1.5.2.Optional Redemption.  Prior to February 17, 2028 the Notes may be redeemed in whole at any time or in part from time to time, at the Company’s option, at a redemption price equal to the greater of:

(a)100% of the principal amount of the Notes then outstanding, and

(b)the sum of the present values of the remaining scheduled payments of principal and interest on the Notes to be redeemed (not including any portion of such payments of interest accrued to the date of redemption) discounted to the date of redemption on a semiannual basis (assuming a 360-day year consisting of twelve 30-day months) at the applicable treasury rate plus 25 basis points, plus, in each case, accrued and unpaid interest on the principal amount being redeemed to the Redemption Date.

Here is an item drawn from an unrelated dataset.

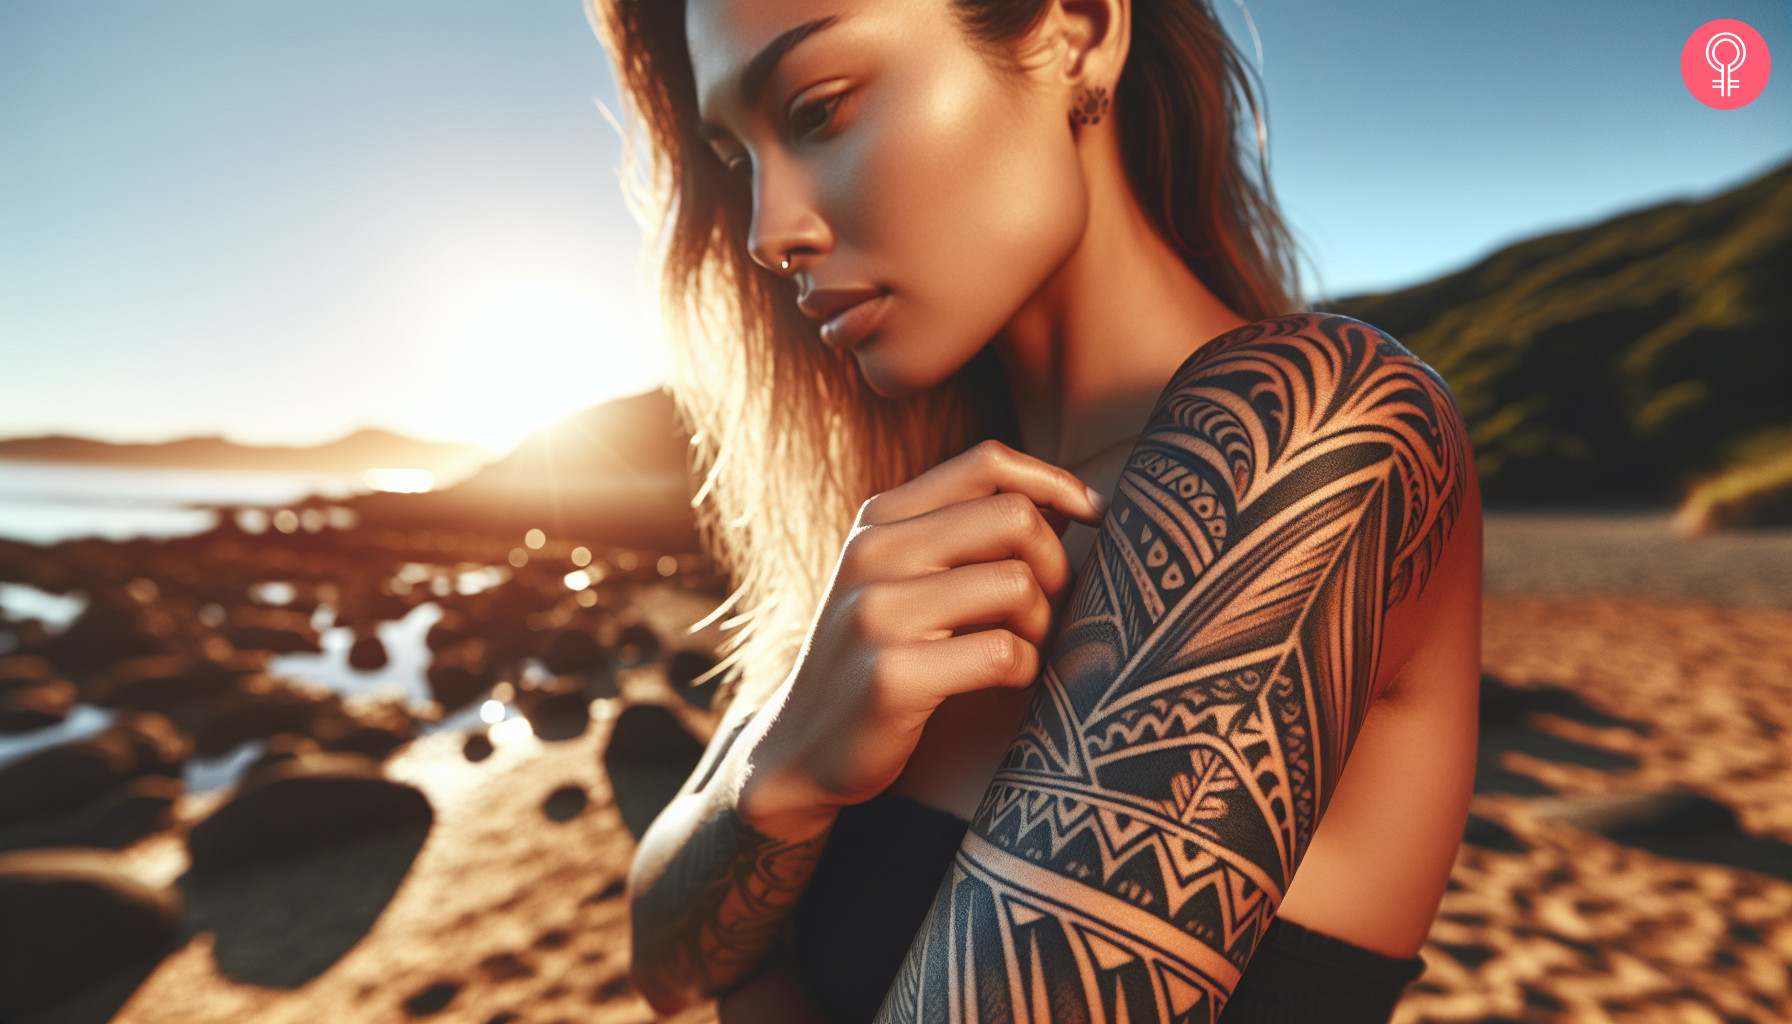 Aesthetic maori tattoo on the upper arm of a woman

treasury rate” means, with respect to any Redemption Date:

(a)the yield, under the heading which represents the average for the immediately preceding week, appearing in the most recently published statistical release designated “H.15(519)” or any successor publication which is published weekly by the Board of Governors of the Federal Reserve System and which establishes yields on actively traded U.S. Treasury securities adjusted to constant maturity under the caption “Treasury Constant Maturities,” for the maturity corresponding to the Comparable Treasury Issue (if no maturity is within three months before or after the remaining life (as defined below), yields for the two published maturities most closely corresponding to the Comparable Treasury Issue will be determined and the treasury rate will be interpolated or extrapolated from such yields on a straight line basis, rounding to the nearest month), or

 

17


 

(b)if such release (or any successor release) is not published during the week preceding the calculation date or does not contain such yields, the rate per annum equal to the semiannual equivalent yield to maturity of the Comparable Treasury Issue, calculated using a price for the Comparable Treasury Issue (expressed as a percentage of its principal amount) equal to the Comparable Treasury Price for such Redemption Date.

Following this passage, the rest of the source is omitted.